This paper presents a board‑grade framework for governing AI at hyperscale. It translates normative principles, regulatory requirements and technical best practices into measurable Service Level Objectives (SLOs) and provides case lessons from hyperscalers. The goal is to make trust auditable and actionable, enabling organisations to innovate responsibly at planet scale.

From principles to practice: building an AI governance stack

Aligning with global norms

The governance stack begins with aligning the organisation’s AI charter to widely accepted values. The OECD AI Principles—inclusive growth, human rights, transparency, robustness and accountability—are now a global baseline[4][5]. The World Economic Forum’s Digital Trust framework stresses ethical use, user rights and system resilience. UNESCO’s recommendations add cultural diversity and environmental sustainability. By embedding these norms in corporate policy, boards communicate that AI will be used to enhance society rather than merely to cut costs.

Operationalising risk management

Norms alone do not mitigate risk. Boards need structured frameworks. The NIST AI Risk Management Framework (AI‑RMF) introduces four functions—map, measure, manage and govern. It emphasises quantitative and qualitative assessment of risks before deployment and regular evaluation afterwards[14]. Measurements must be objective, repeatable and scientifically sound[15]. The UK’s Department for Science, Innovation & Technology (DSIT) crystallises assurance into a measure–evaluate–communicate pattern: organisations must gather performance and impact data, benchmark risks against standards, and share results through dashboards or certification[16]. DSIT cautions that no single technique suffices; effective assurance combines risk assessments, bias audits, compliance audits, formal verification and conformity assessments[17][18].

Institutionalising governance via management systems

Governance frameworks should be integrated into organisational processes. ISO/IEC 42001, released in late 2023, is the first certifiable AI management system. It applies to any organisation using AI and aligns with information‑security (ISO 27001) and privacy (ISO 27701) standards[19]. ISO 42001 requires leadership commitment, identification of stakeholder needs (Clause 4), measurable AI objectives and risk assessments (Clause 6) and continuous performance evaluation through internal audits and management reviews (Clause 9)[20][21]. Certification signals to regulators and partners that AI governance is rigorous and externally audited.

Meeting regulatory duties

Regulators are setting the floor. The EU AI Act categorises systems by risk; high‑risk applications—such as employment, education, critical infrastructure and law enforcement—must implement comprehensive risk management, maintain documentation and logs, provide human oversight and guarantee robustness and cybersecurity[1]. Providers must establish post‑market monitoring systems to collect and analyse real‑world performance[2] and report serious incidents[3]. Globally, the OECD principles and the 2024 update stress safety, privacy and interoperability[6][7], while the UK’s AI White Paper applies cross‑cutting principles (safety, transparency, fairness, accountability and contestability). Boards operating across borders should adopt the strictest applicable standard to avoid fragmentation.

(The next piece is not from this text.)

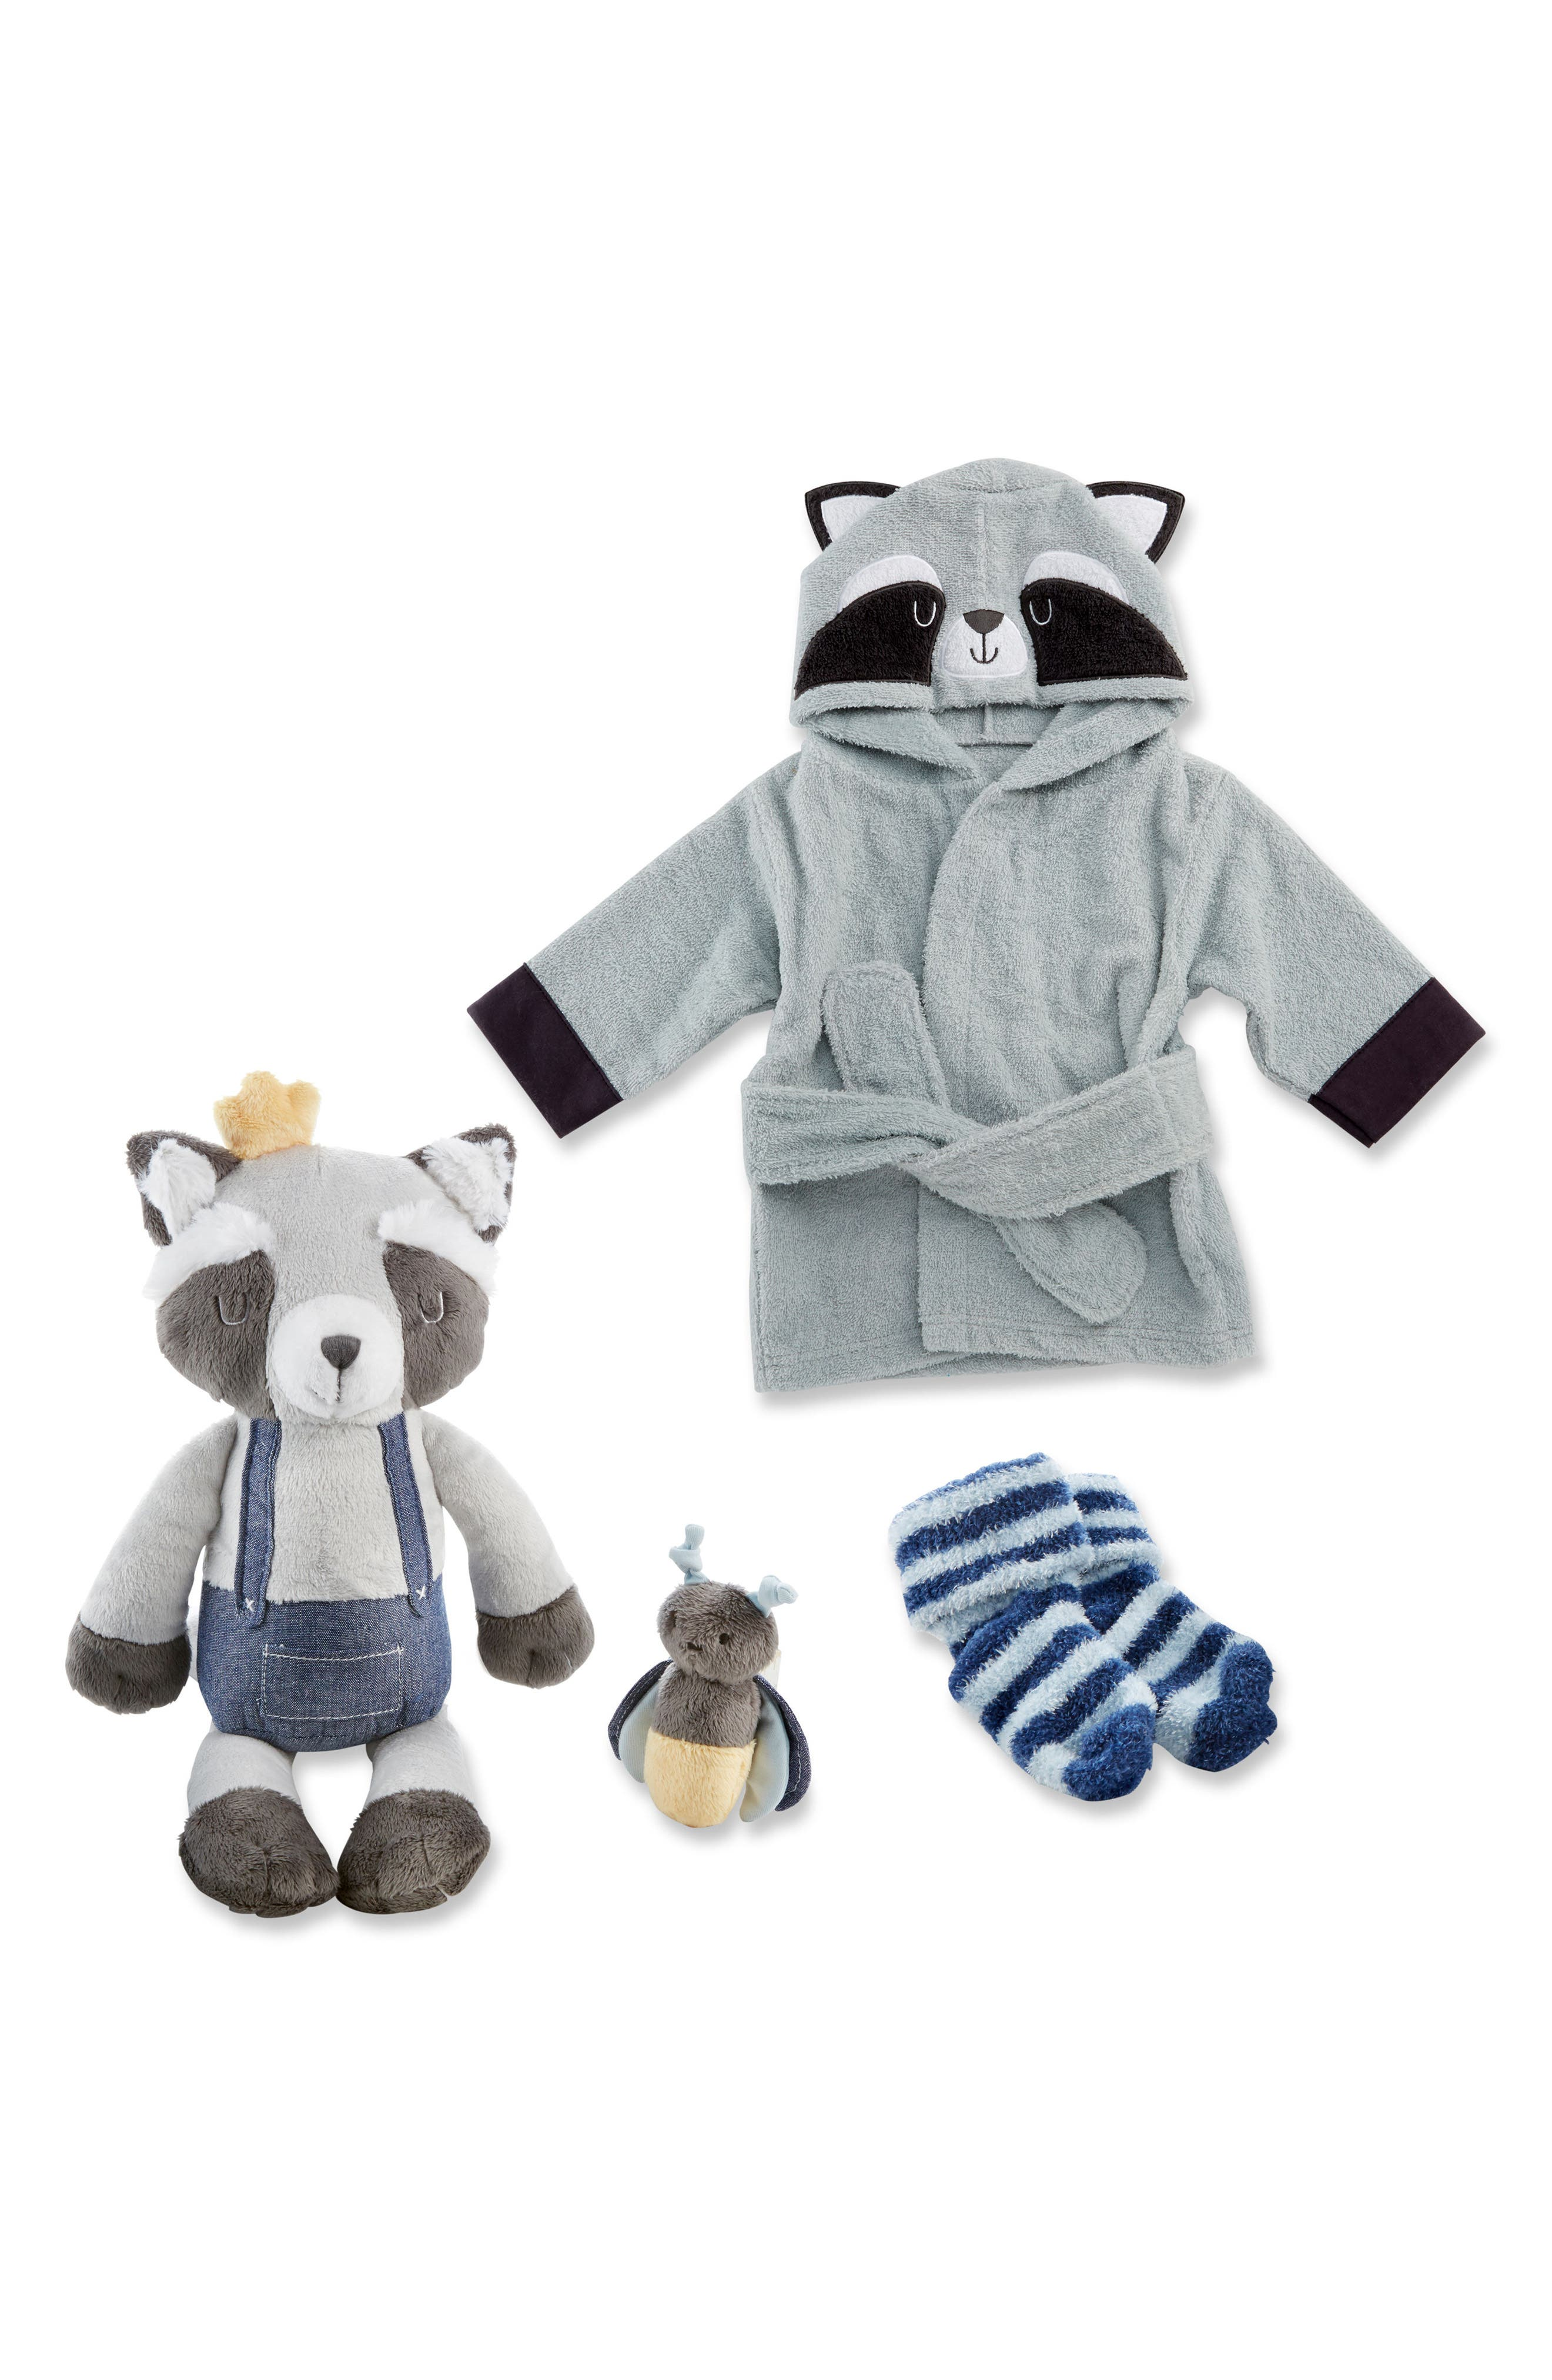 Forest Friends Raccoon Plush Robe, Fuzzy Socks, Stuffed Animal & Rattle Set,                             Main thumbnail 1, color,                             Grey/ Blue/ White

Building an assurance ecosystem

Assurance is no longer optional. The UK’s AI assurance roadmap envisions a market of third‑party auditors and service providers. DSIT emphasises that assurance must draw on multiple techniques and be proportionate to risk[17][18]. Standards underpin this ecosystem: ISO 22989 (terminology), ISO 42006 (interfaces), ISO TR 24027 (bias measurement), ISO 42001 (management systems) and other performance requirements[22]. Boards should engage independent auditors to conduct bias audits, fairness assessments, security evaluations and energy efficiency tests. Transparency frameworks like CLeAR (Comparable, Legible, Actionable, Robust) mandate that documentation of datasets, models and systems be mandatory, enabling reproducibility and accountability[23][24]. The Partnership on AI’s deployment guidance categorises risks by capability and release type, providing a playbook for customised governance[25].

These layers—principles, risk frameworks, management systems, regulation and assurance—form the AI governance stack. The next step is to make these layers measurable.

Designing SLOs for trustworthy AI

Financial performance has long been managed through key performance indicators (KPIs). Service Level Objectives (SLOs) perform a similar role for AI trust, translating ethical imperatives into measurable targets. Each SLO should link to a control (e.g., ISO 42001 clause), a risk management function (e.g., NIST AI‑RMF) and an assurance artefact (e.g., documentation or audit). Below is a consolidated set of SLO categories; boards should adapt thresholds to context and risk appetite.

Safety and integrity

1.        Harm rate (safety loss): number of policy‑violating outputs per million interactions. Formula: harmful outputs divided by one million. It ties to ISO 42001 risk assessments and the EU AI Act’s duty to minimise harm[1]. Red‑team reports and user feedback logs evidence compliance.

2.        Hallucination rate (reliability): percentage of incorrect factual claims. This measures reliability and should trend downward quarter‑over‑quarter. Independent fact‑checking audits provide assurance.

3.        Incident mean time to recovery (MTTR): average hours to resolve safety incidents from detection to remediation. Rapid recovery demonstrates operational maturity and meets post‑market monitoring obligations[26].

Performance and reliability

1.        p95 latency and p99 availability: the 95th percentile of response times and 99th percentile uptime. Boards may require p95 latency below 300 ms and p99 availability above 99.9 %. MLPerf benchmarks inform these thresholds and provide independent verification.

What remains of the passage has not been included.